Given data.

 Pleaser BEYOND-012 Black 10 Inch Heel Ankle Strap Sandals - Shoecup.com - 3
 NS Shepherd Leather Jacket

--

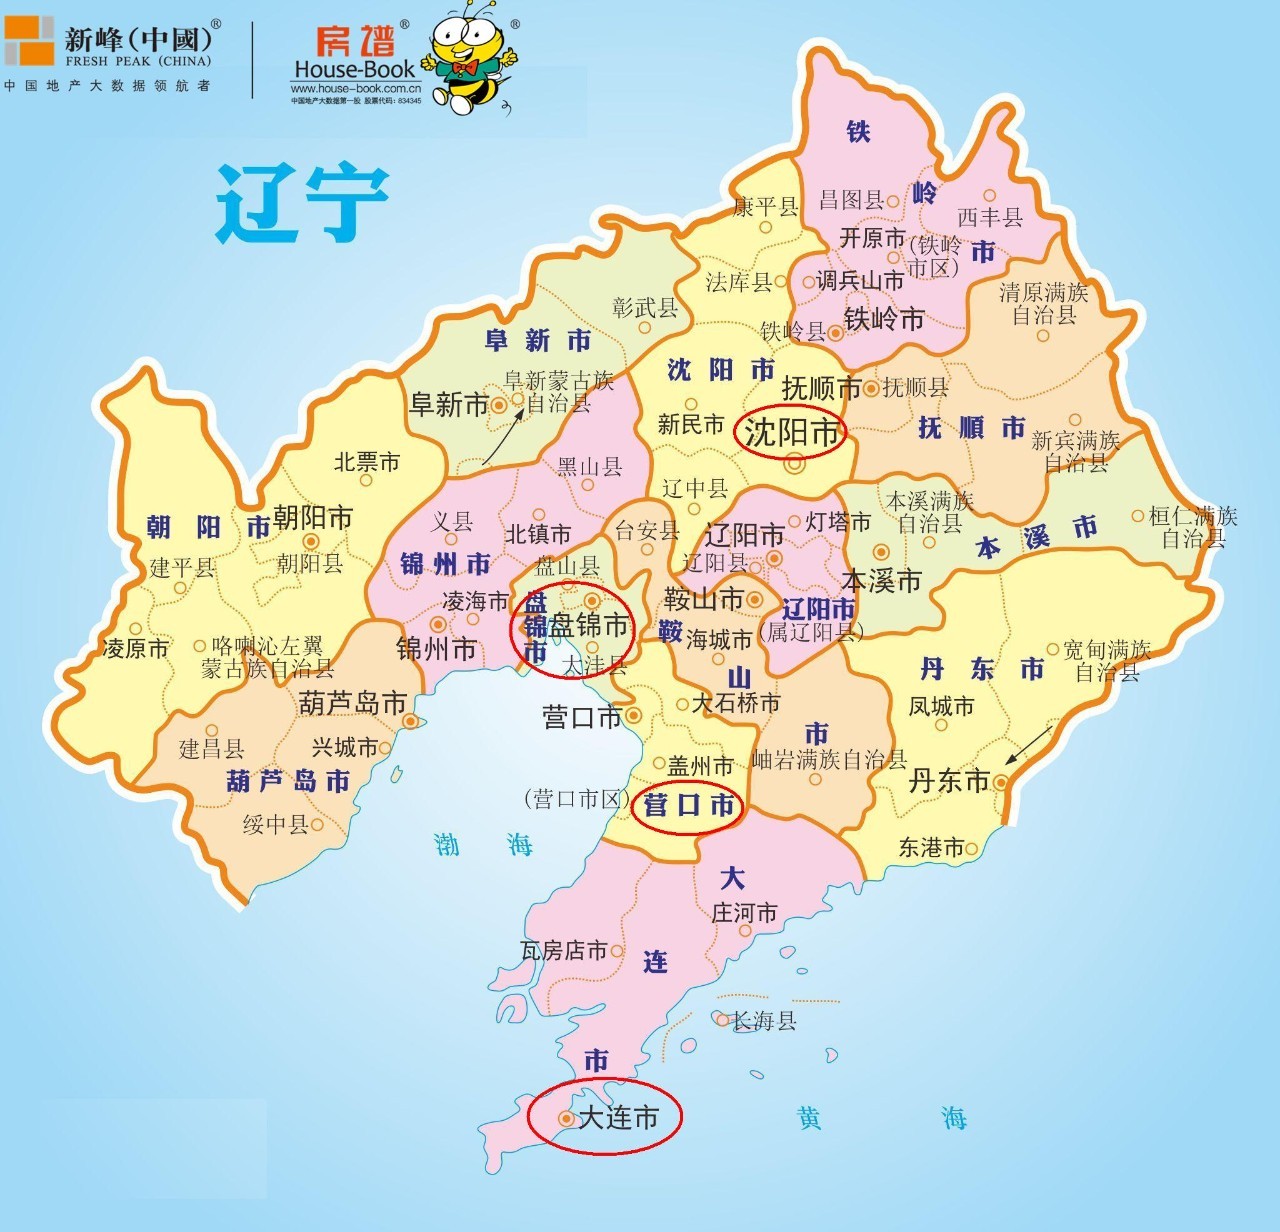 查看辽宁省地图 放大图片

Goal of the exercise. The range runs from the line above containing "Pleaser BEYOND-012 Black" to the line containing "NS Shepherd Leather Jacket", inclusive. Restate those lines word for word and no others.

Finished task.
 Pleaser BEYOND-012 Black 10 Inch Heel Ankle Strap Sandals - Shoecup.com - 3
 NS Shepherd Leather Jacket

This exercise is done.